Assignment = Since the copy must hold text only, transcribe the data below exactly and omit the images.

:: The data ::

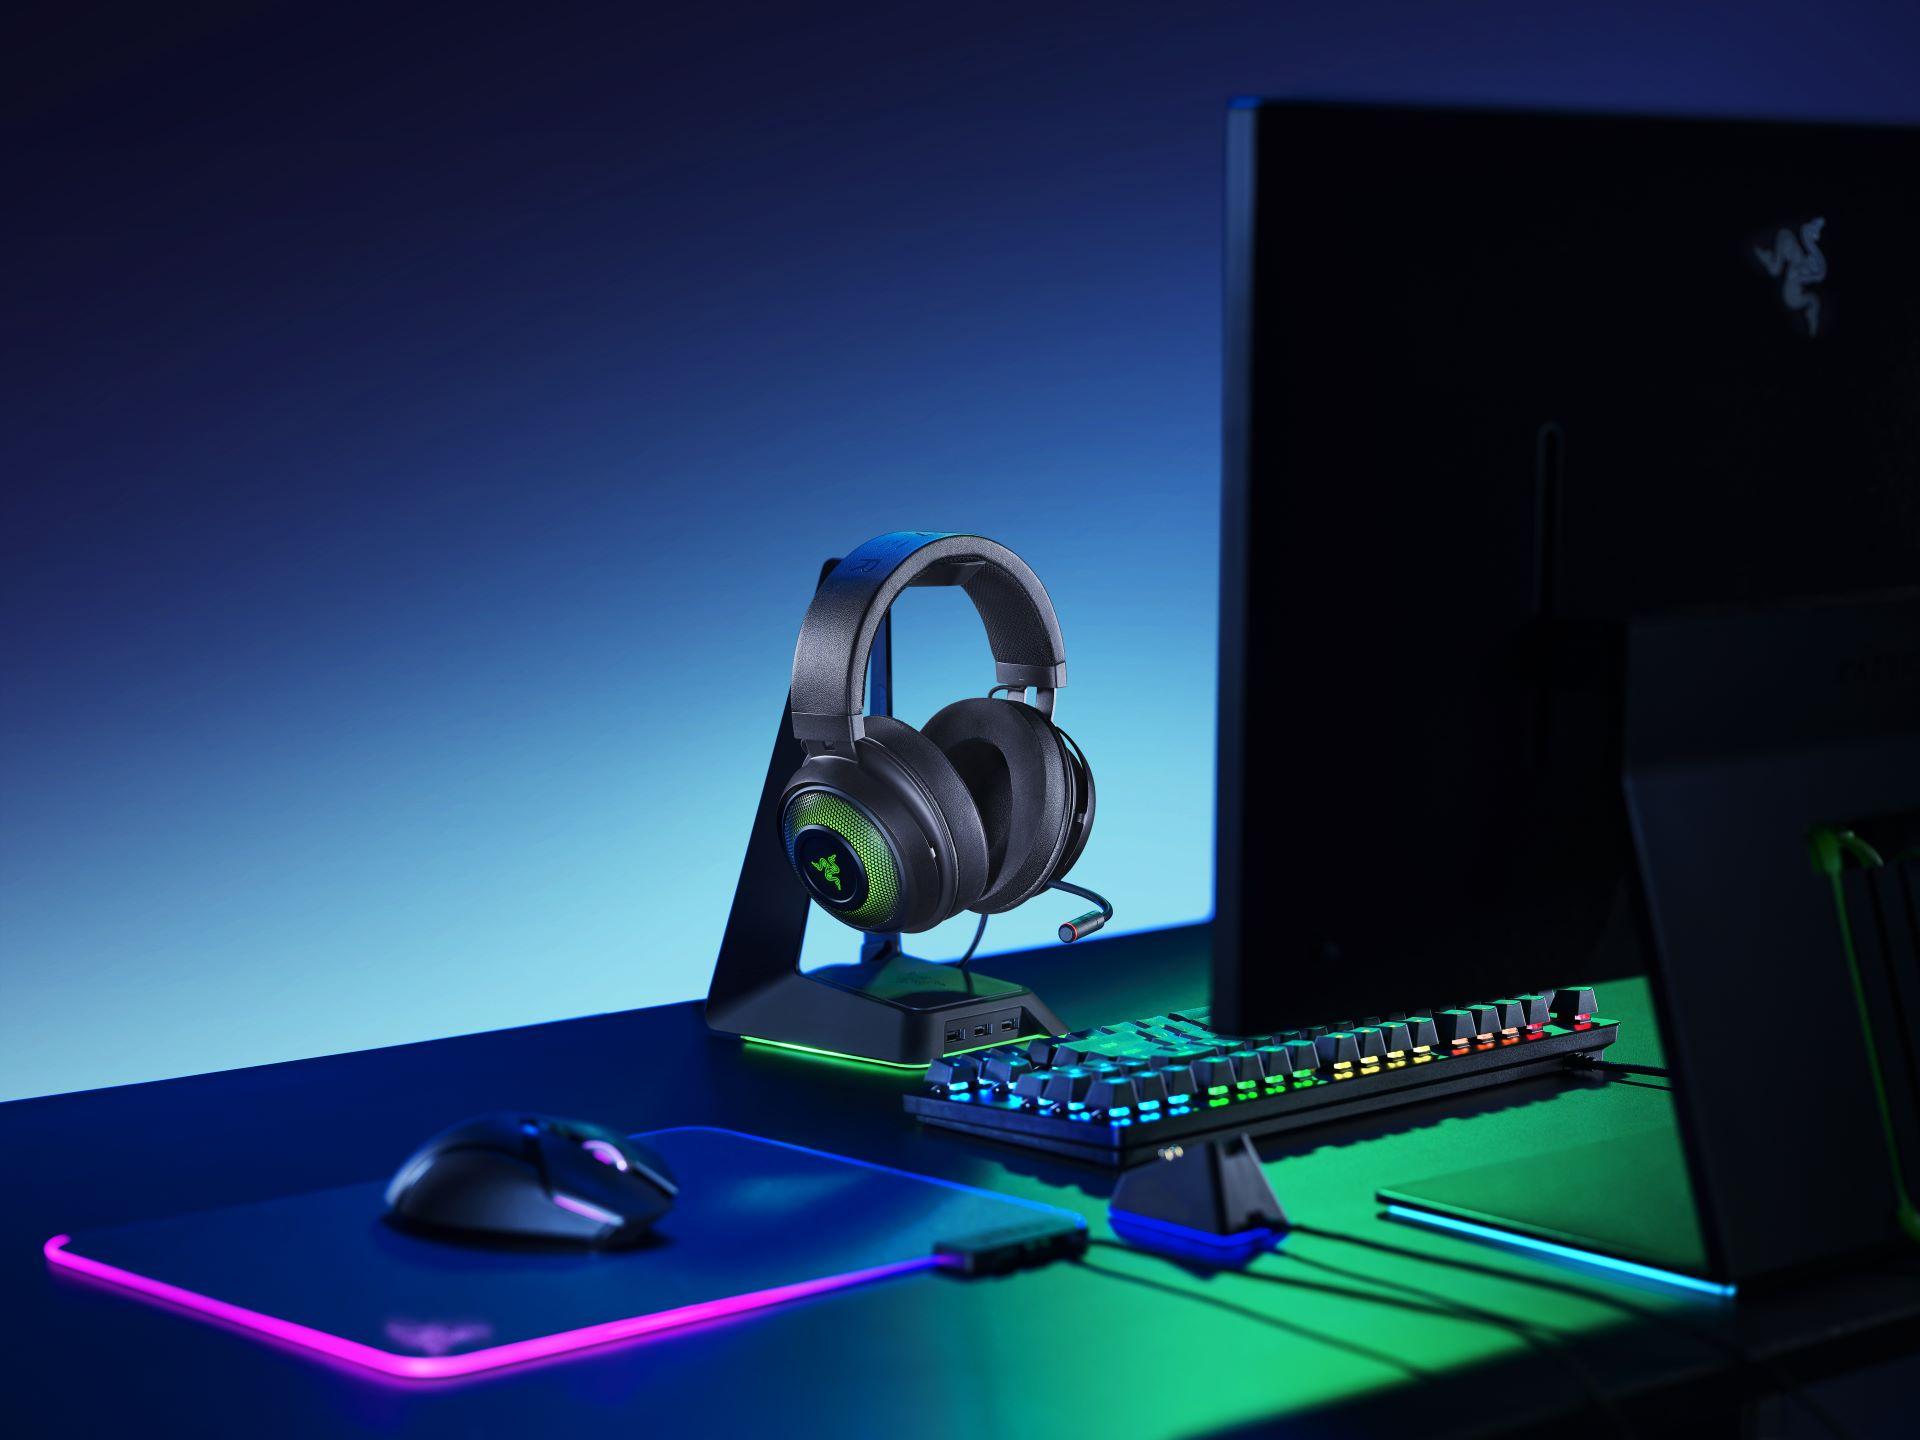 Анонсирована гарнитура Razer Kraken Ultimate с THX Spatial Audio
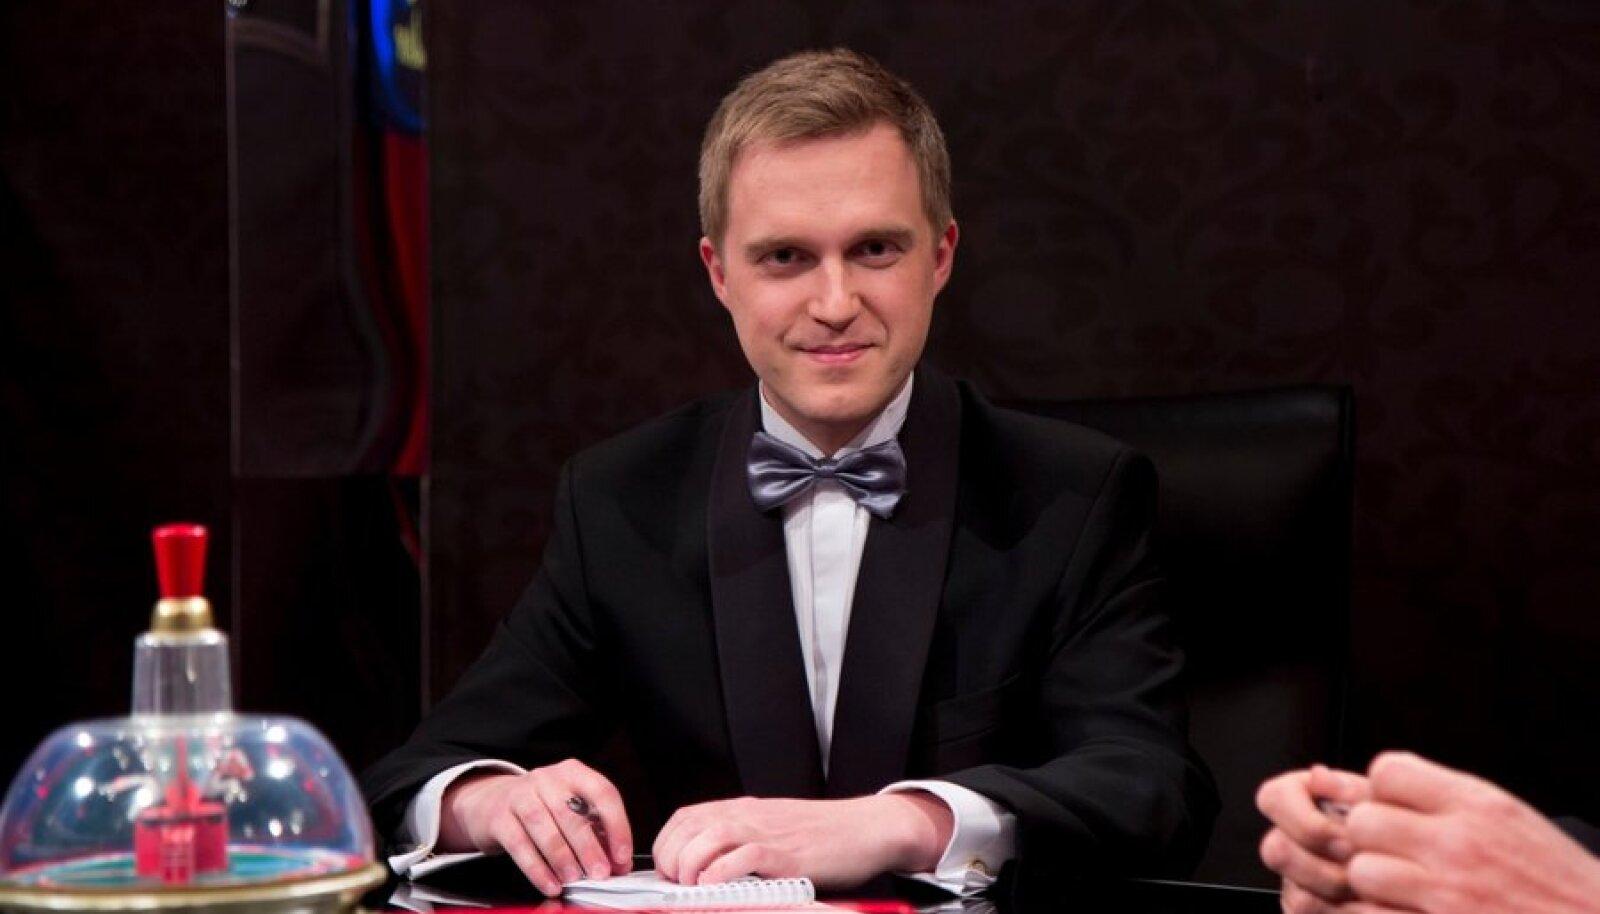 Imre Kaas
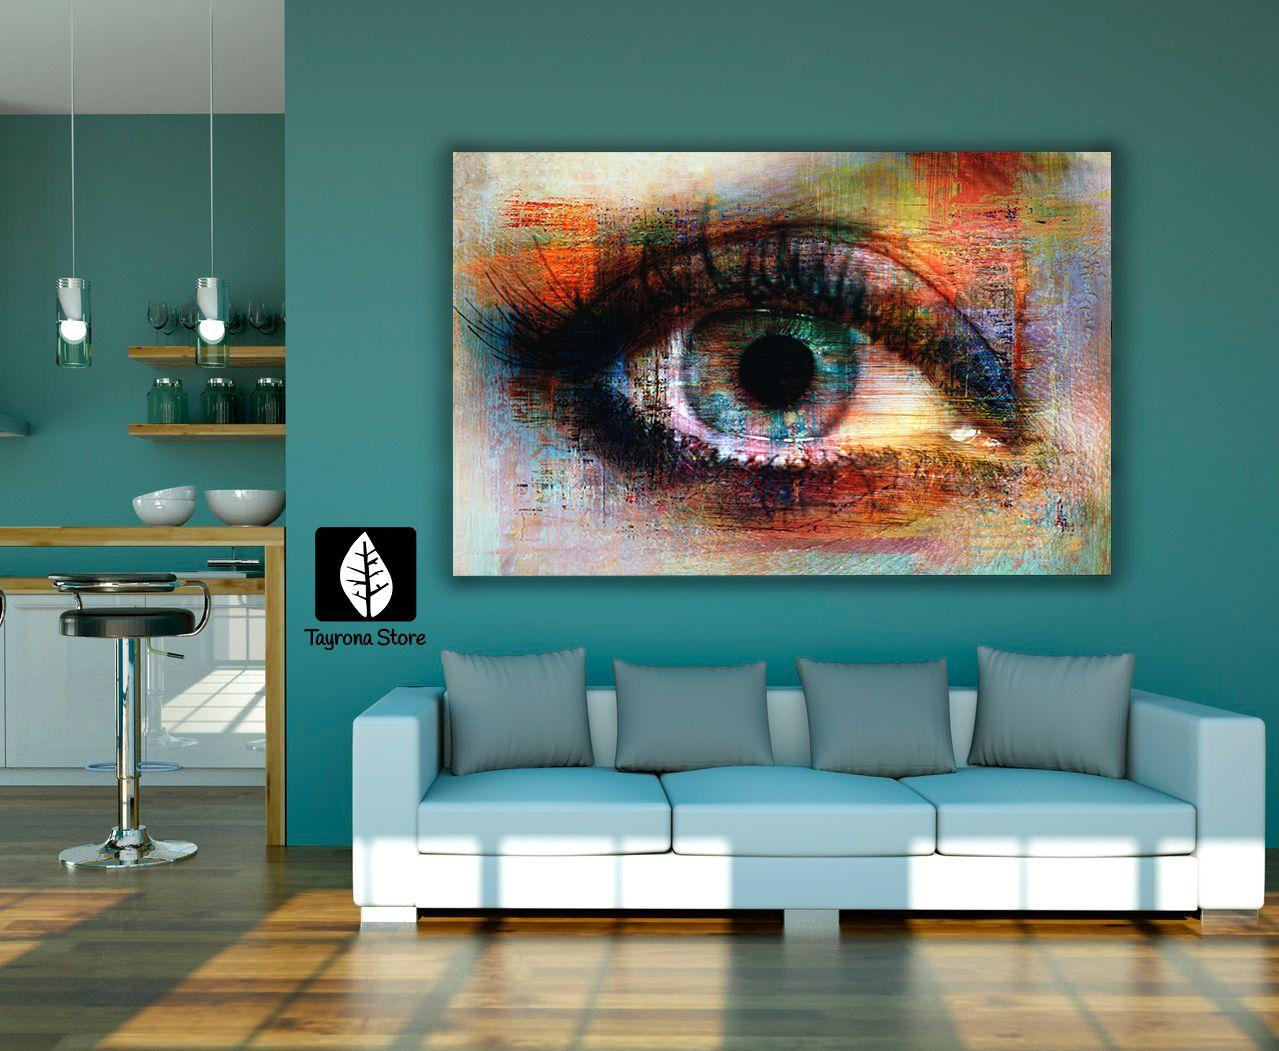 Cuadros decorativos ojo pintura tayronastore cuadros for Adornos decorativos para sala
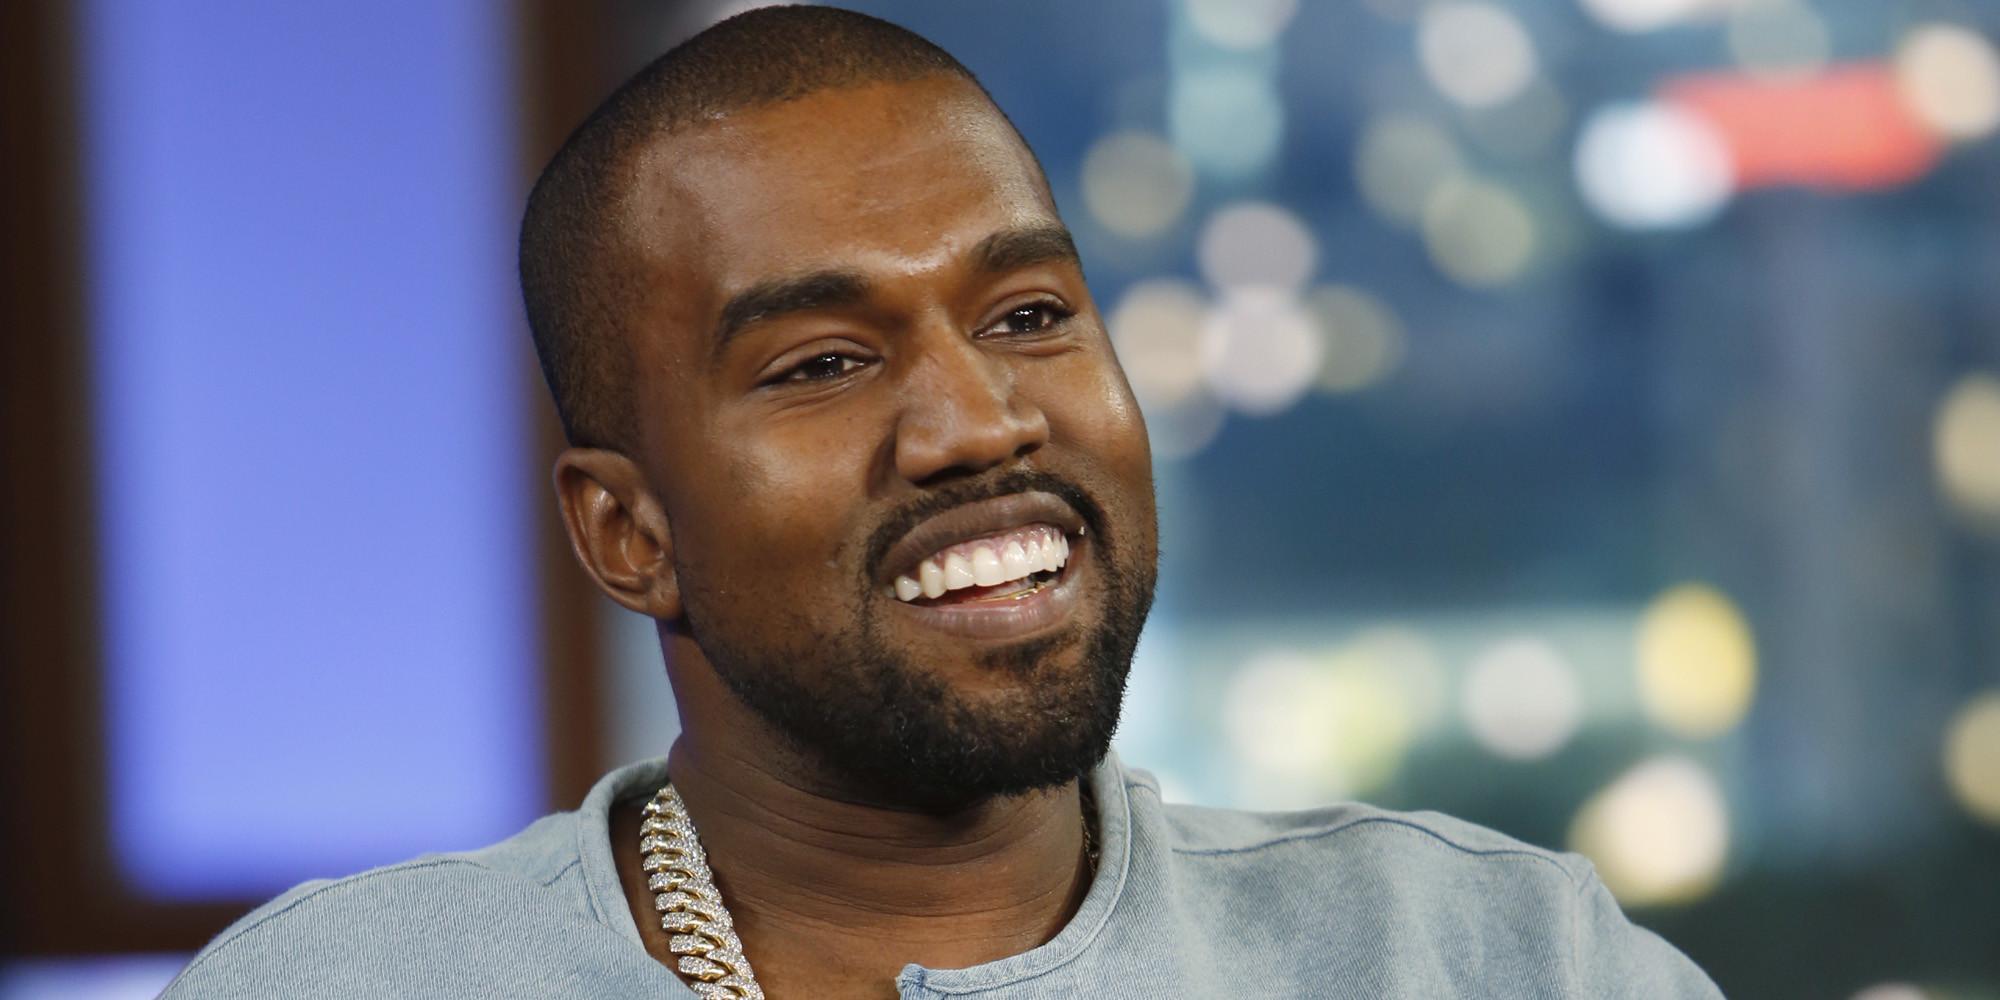 Kanye West celebrity slice

:::

Result =
 Анонсирована гарнитура Razer Kraken Ultimate с THX Spatial Audio
 Imre Kaas
 Cuadros decorativos ojo pintura tayronastore cuadros for Adornos decorativos para sala
 Kanye West celebrity slice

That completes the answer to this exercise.